It is generally assumed that both copies of an autosomal gene will be transcribed equally over time by any cell that expresses that gene. However, recent research has indicated that this is not the case for approximately 10% of human autosomal genes. For genes that undergo random autosomal monoallelic expression (RAMAE), only one allele is expressed in any given cell and its mitotic daughters. Each cell’s ‘choice’ of allele appears to be made at random, and differs from one cell to another. Though the overall allele bias of a RAMAE gene may be low at an organism and tissue level, this alternative mode of expression still alters expectations for how allele products will interact within the cells of heterozygotes.

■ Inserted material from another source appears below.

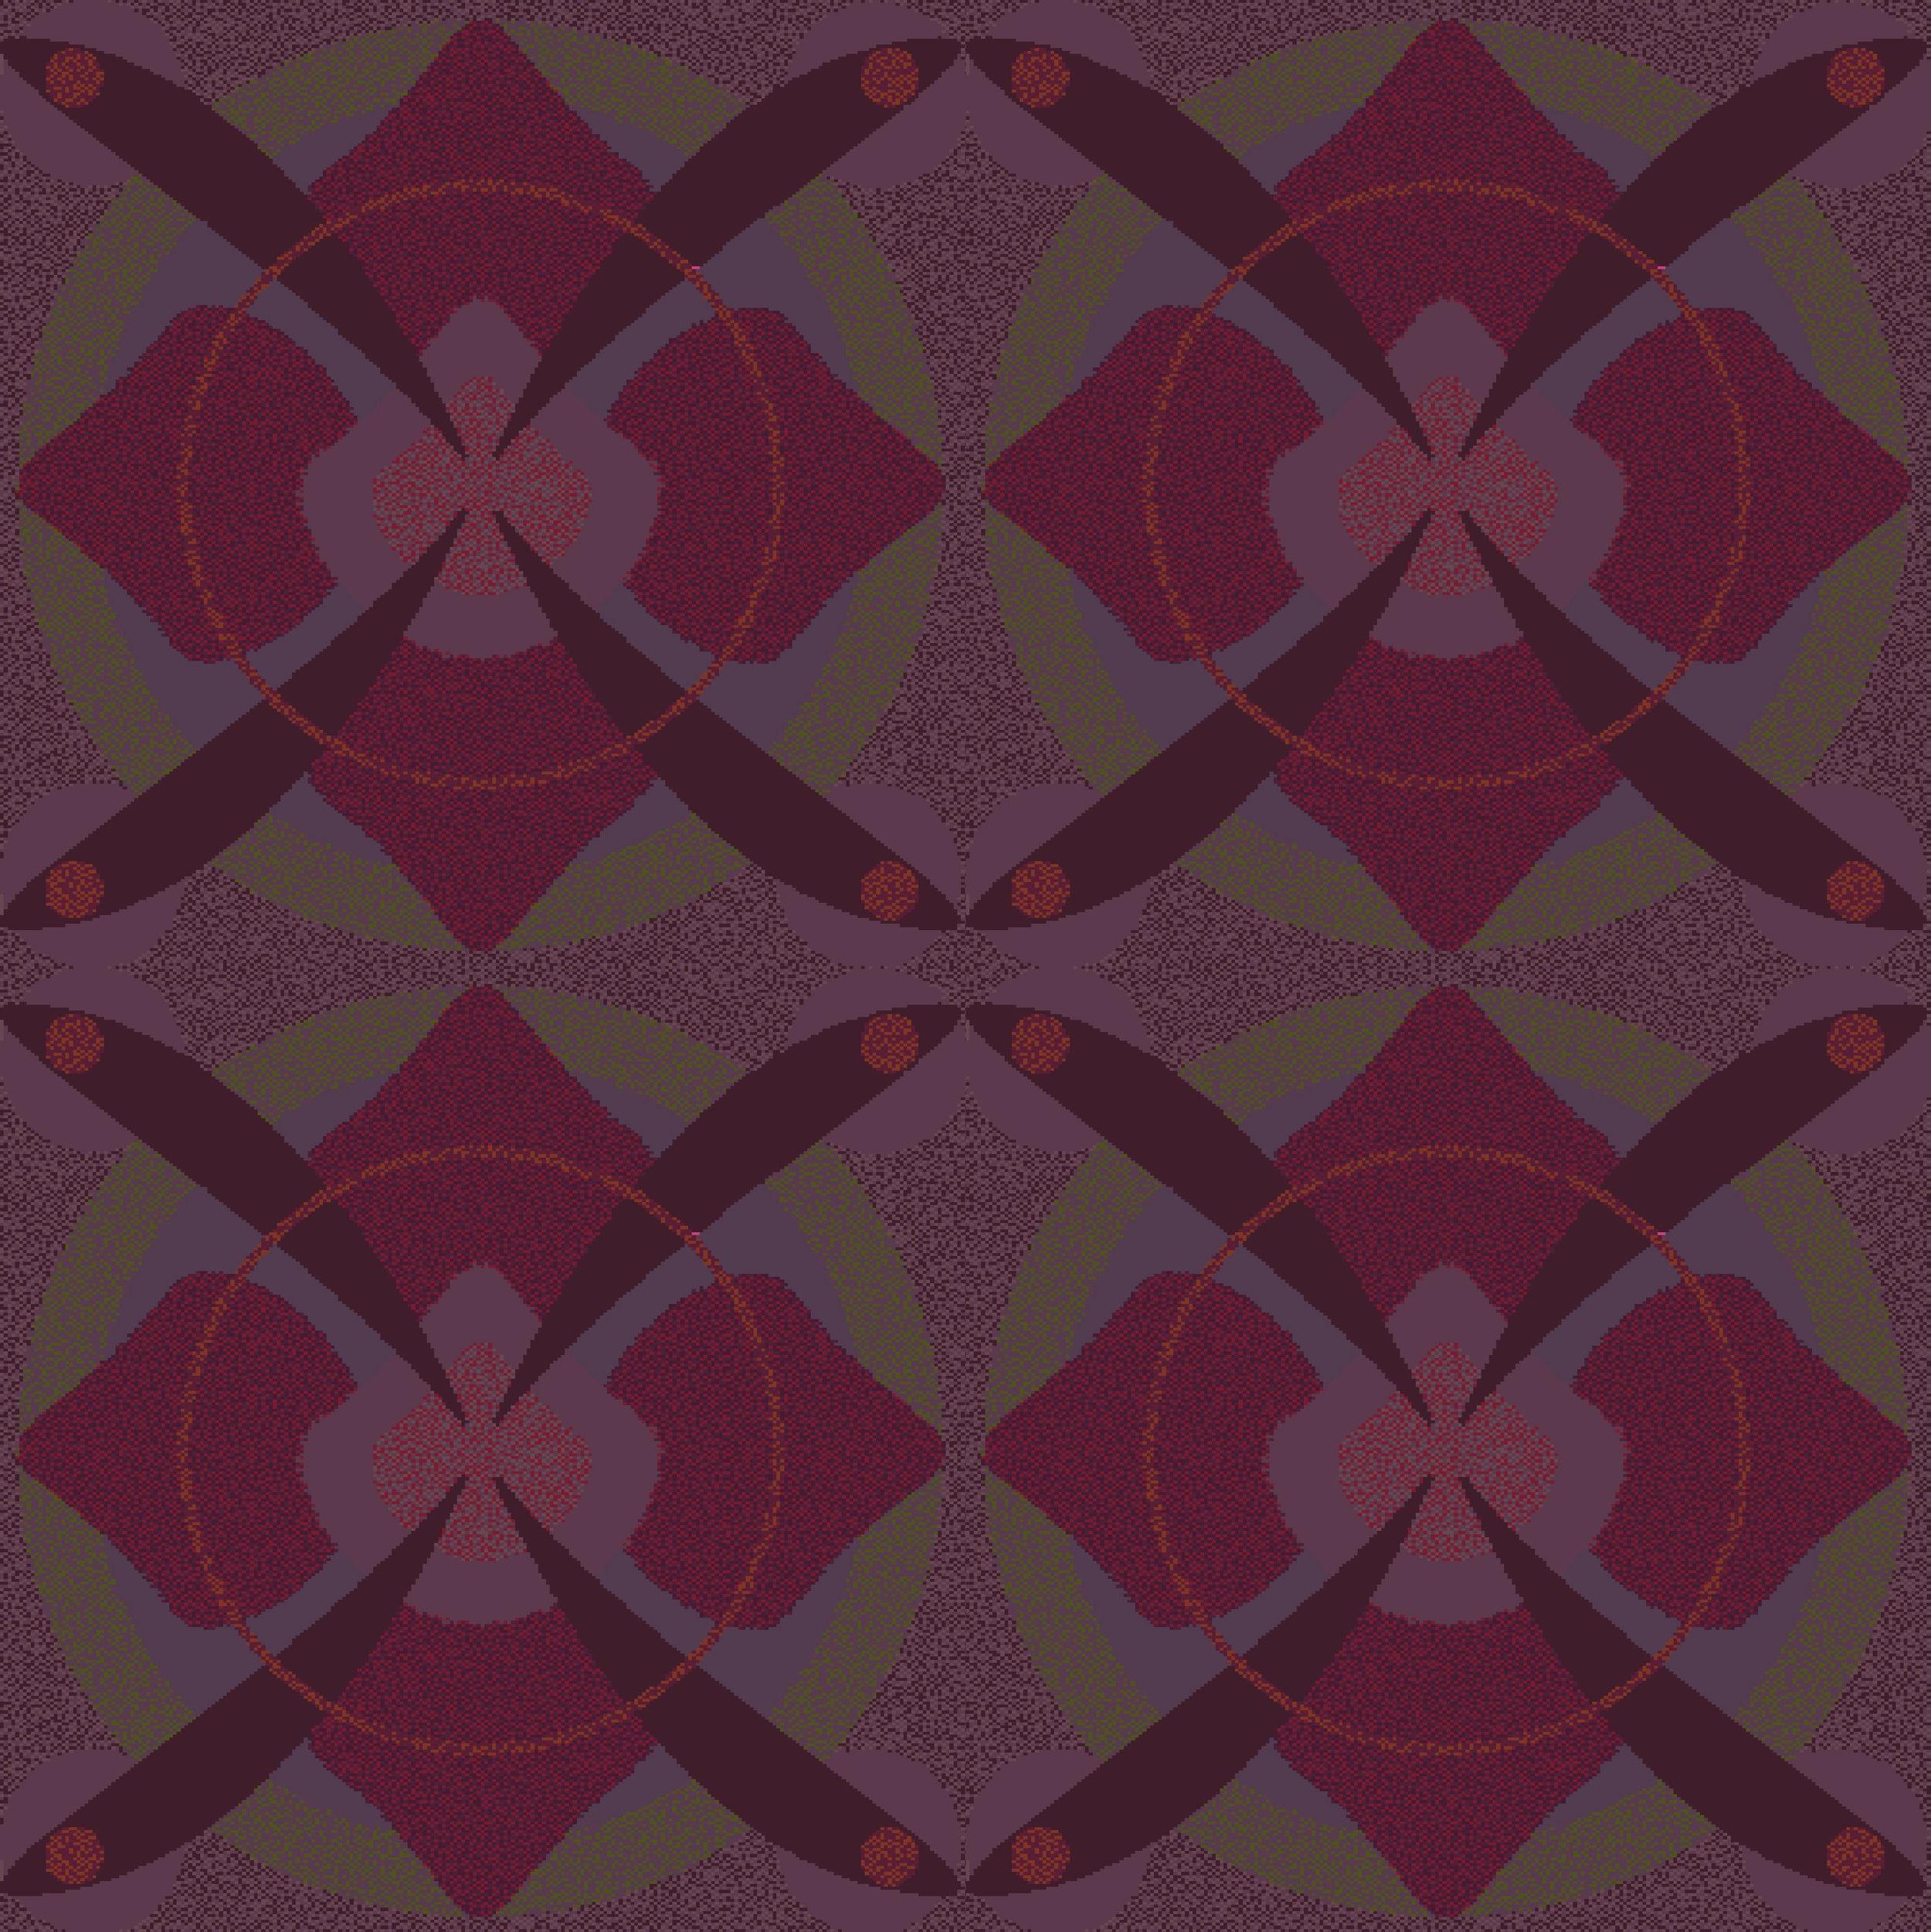 SS rug 10 ax.jpg

Previously, study of RAMAE has largely relied on single-cell culture platforms, which are expensive to set up and use and are not amenable to all types of cultured cells. To overcome this obstacle to further research, we are developing an alternative approach for investigating RAMAE, using a combination of molecular beacons (MBs) and fluorescence-activated cell sorting (FACS). By targeting fluorescently-tagged MBs to unique regions of RAMAE Growth Hormone Receptor (GHR) alleles in heterozygous lymphoblast cell lines, we can visualise the allele choice of individual cells. These cells can then be segregated from each other with FACS, creating two distinct populations that can be used for further experimentation and analysis.
Because this MB-FACS technique should be easily adaptable to other RAMAE genes and cell cultures, we anticipate that it will facilitate further research into RAMAE and potentially enable the development of new treatments for many genetic diseases.